A burned Union Bank that was still smoldering after a night of violence in La Mesa is reflected in water from fire hoses. Photo by Chris Stone

Thanks to a Minneapolis cop against whom 17 previous complaints were filed in recent years, the “usual suspects” hit the streets again when George Floyd died under the cop’s knee.

More than 4,000 people were arrested nationally over the weekend. A dozen governors ordered 10,000 National Guardsmen to patrol streets in armored vehicles while President Donald Trump hid in the White House underground bunker.

Buildings burned to the ground, people were injured and some died. America burned.

Welcome to June 2020 five months before Americans might retire Donald J. Trump after one term.

Trump sees 35 million unemployed Americans sitting at home watching thousands of fellow Americans gather peacefully in daylight then morph into looters, arsonists and rioters when the sun goes down.

More people have died from the coronavirus in four months than died in 70 years from the wars in Korea, Vietnam, Iraq and Afghanistan. Some Americans have refused to wear face masks because they think the entire coronavirus epidemic is a hoax. Some support people who disobey lockdown orders and go to churches so pastors can collect Sunday dollars.

The Supreme Court has been asked to set aside lockdowns of churches and by 5-4 ruled against a San Diego evangelical church that petitioned to disobey the Governor of California’s ban on large gatherings.

Older Americans, like me, part of the most vulnerable population cohort endangered by the coronavirus, are fine with staying home. But what of those unfortunate people in medical facilities and rest homes that the virus seems to have targeted? Yes, big numbers of older people have died. Thus, people my age are fearful of people who don’t wear masks and who object to the lockdown.

Then there is the ethnic threat to blacks and Hispanics like me who may be defenseless because they have underlying health problems or lack adequate medical care.

Many turn on the television and they see danger and disaster everywhere. This is not a happy time.

Mobs are on the streets in “usual suspect” cities: New York, Los Angeles, Detroit, Philadelphia, Washington, Oakland. But now they are also in a normally sane small town.

Saturday night, a thousand people gathered to protest in La Mesa, a city of 57,000 next to San Diego that has never hosted a rally of any sort except, perhaps, when it celebrated a Little League World Series victory in 1957.

Raoul Lowery Contreras

A thousand people gathered to protest the killing of George Floyd, a black man, by a white police officer who kneeled on his neck for over eight minutes. Floyd pleaded for the officer to let him “breathe.” Bystanders begged the officer to let the man breathe. They took videos with their phones. All the proof needed to send the officer to prison was on the Internet within minutes. The videos don’t lie; they are raw, unedited and powerful.

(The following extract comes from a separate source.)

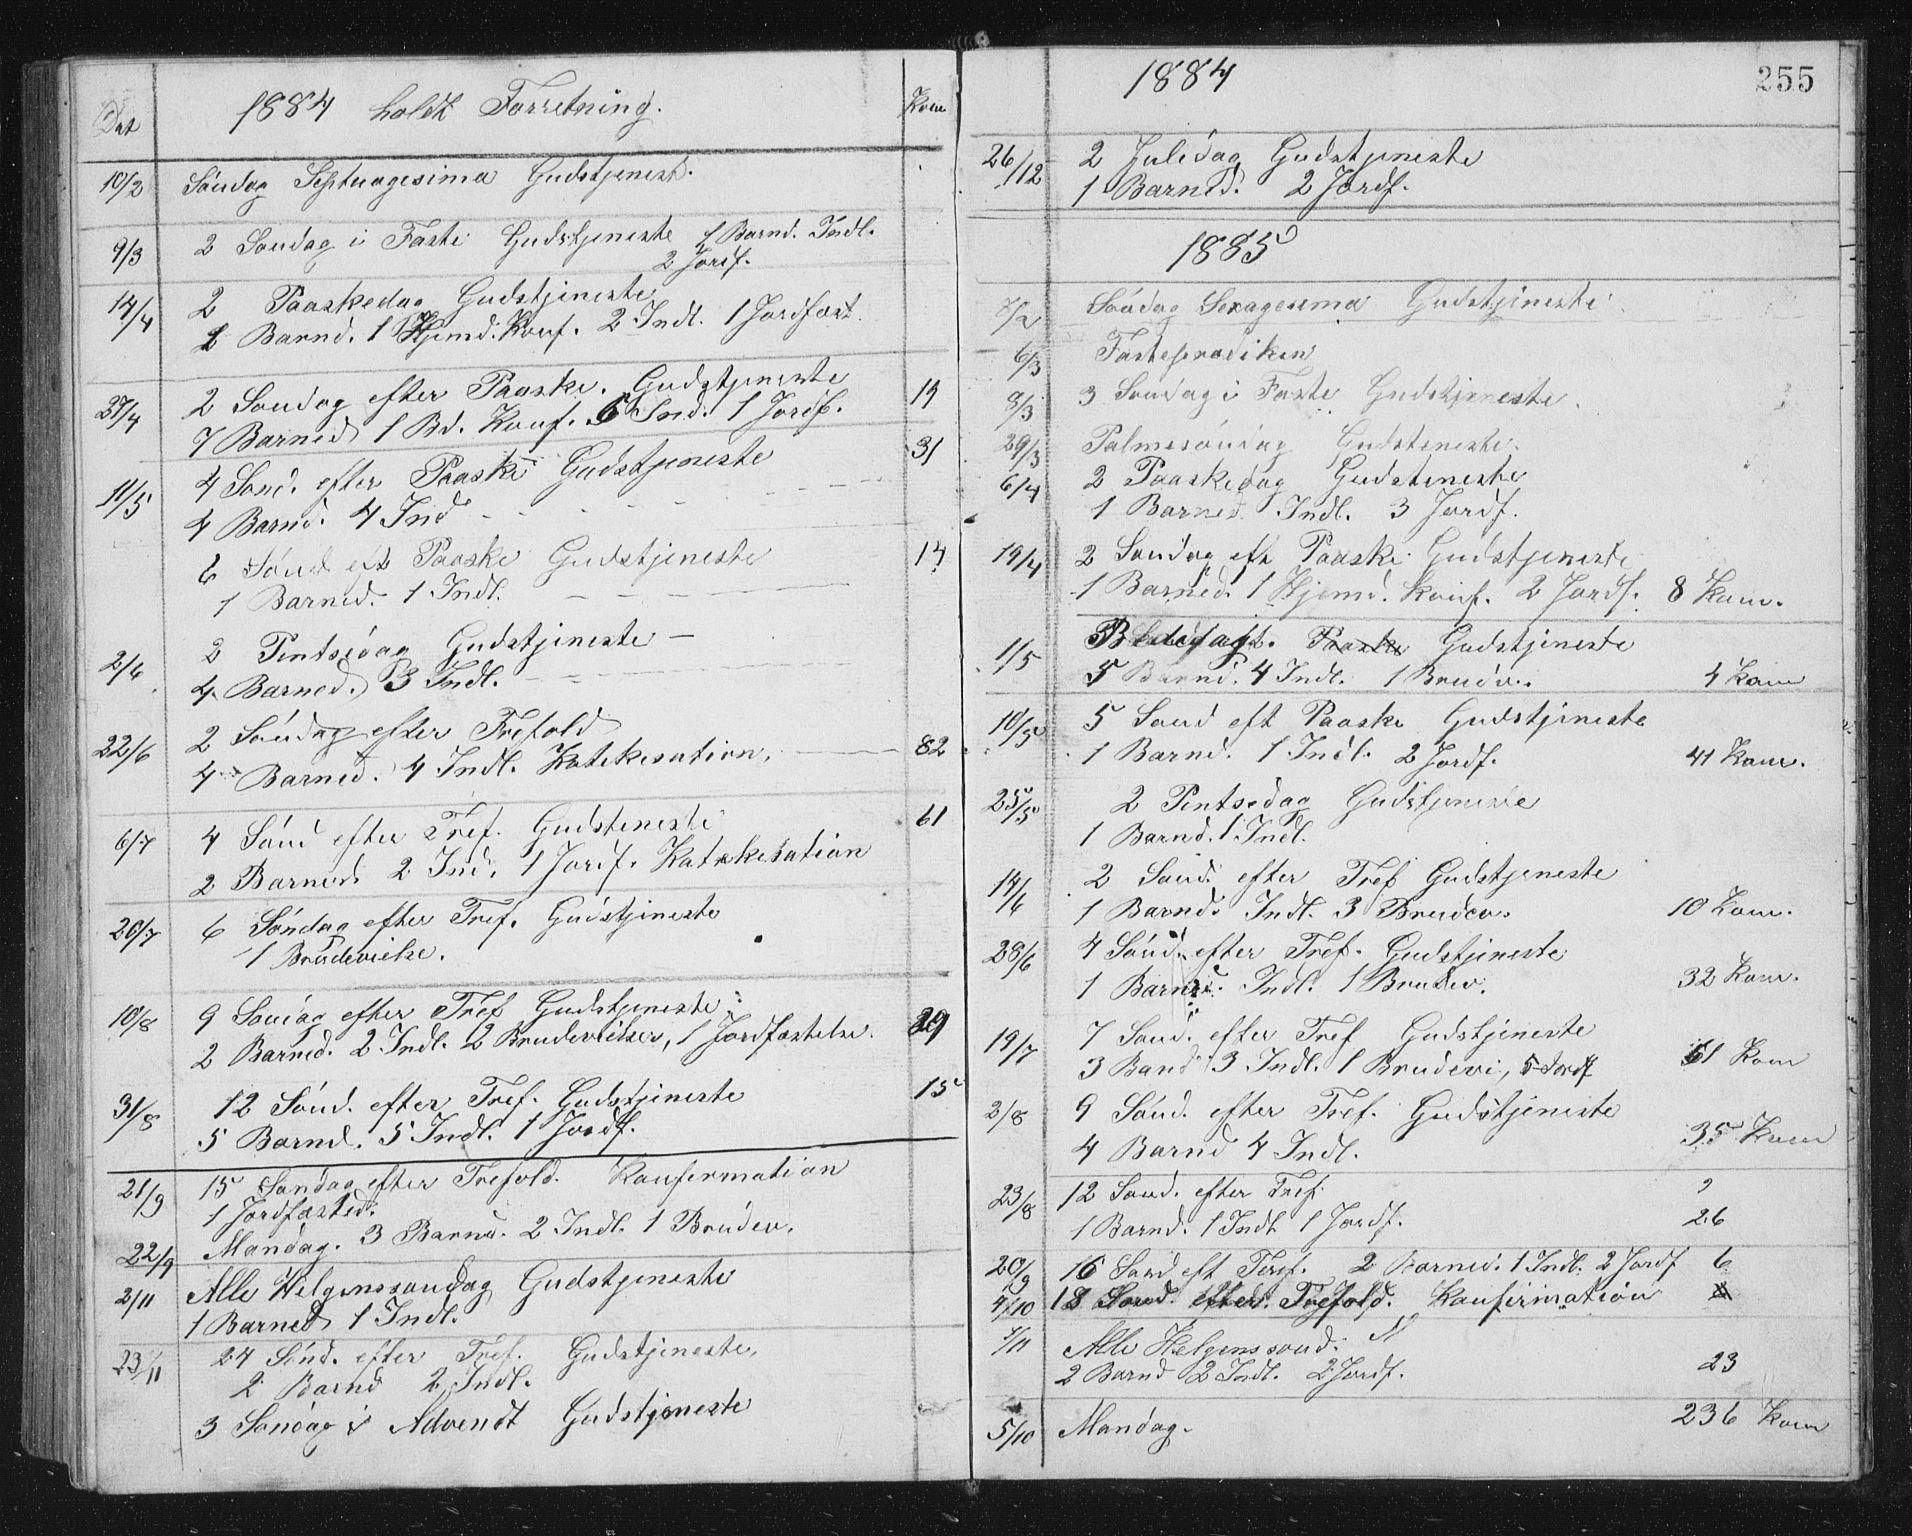 SAT, Ministerialprotokoller, klokkerbøker og fødselsregistre - Sør-Trøndelag, 662/L0756: Klokkerbok nr. 662C01, 1869-1891, s. 255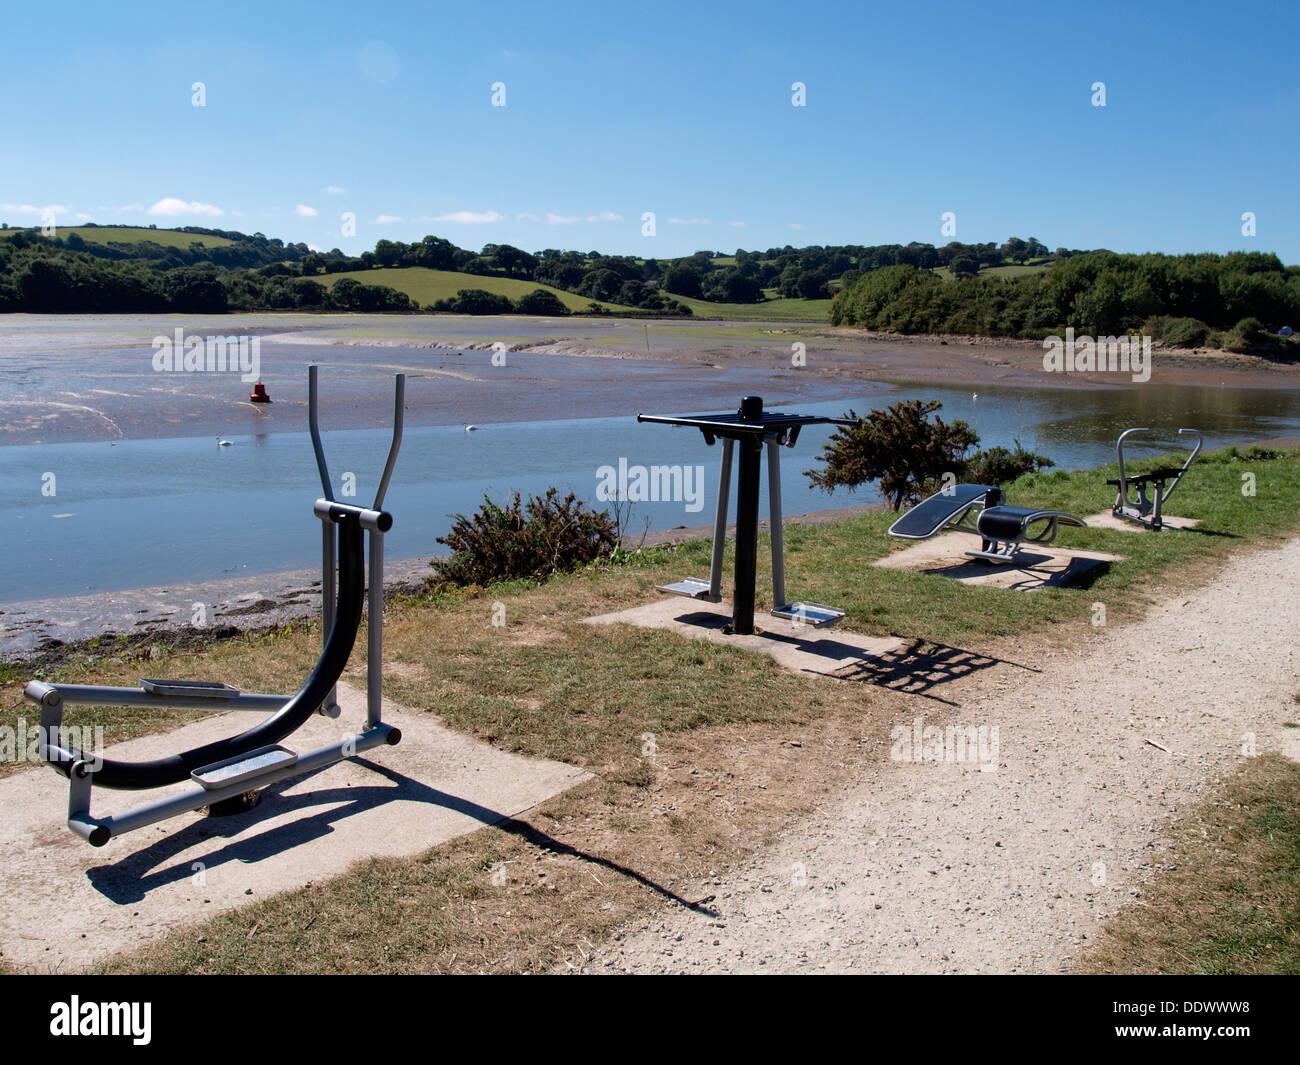 Equipamiento de ejercicio a lo largo del estuario de la FAL, Truro, Cornwall, Reino Unido Imagen De Stock

The officer was fired but not arrested. Protests started. Finally he was arrested and charged with third-degree murder and manslaughter. No bail. The legal system was working. Unfortunately, the cogs of justice work slowly; the delay led to protests, violence, looting and fires.

The City of La Mesa is 1,965 miles from Minneapolis. There was and is no excuse for the violence, looting and fires—none.

If the President of the United States had appeared on television from the White House within hours of the video hitting social media, he might have short-circuited the protests. He could have by stating that what he saw was unacceptable; that he had ordered the Department of Justice and the Federal Bureau of Investigation to determine if the man’s civil rights had been violated. He could say that federal prosecutions would ensue.

Would any of the protests, looting and fires have happened? We’ll never know.

The President harangues governors of riotous states with being “weak” and tells them to be “strong,” to “take back the streets,” and to “dominate” the streets.

Another brilliant Washington denizen, Arkansas Senator Tom Cotton, is advising President Trump to invoke the Insurrection Act of 1807 to flood rioting cities with federal troops. The 1807 law was used during the 1992 Los Angeles riots when Republican Gov. Pete Wilson asked Republican President George H.W. Bush for U.S. Marines to help the National Guard control the city. Congresswoman Maxine Waters called it an “uprising;” it took 50 lives and caused billions of dollars in damage.

Is now the time to flood the cities with federal troops? Only one man is necessary—that would be President Trump. He won’t because he’s a coward. He should go to a large Black church and lead its parishioners in prayer for justice. That would be someone we could trust.

President Donald J. Trump will never do what I suggest. He’s not strong enough or brave enough to do it.

Raoul Lowery Contreras is a Marine Corps veteran, political consultant and author of the new book White Anglo-Saxon Protestants (WASPS) & Mexicans. His work has appeared in the New American News Service of the New York Times Syndicate.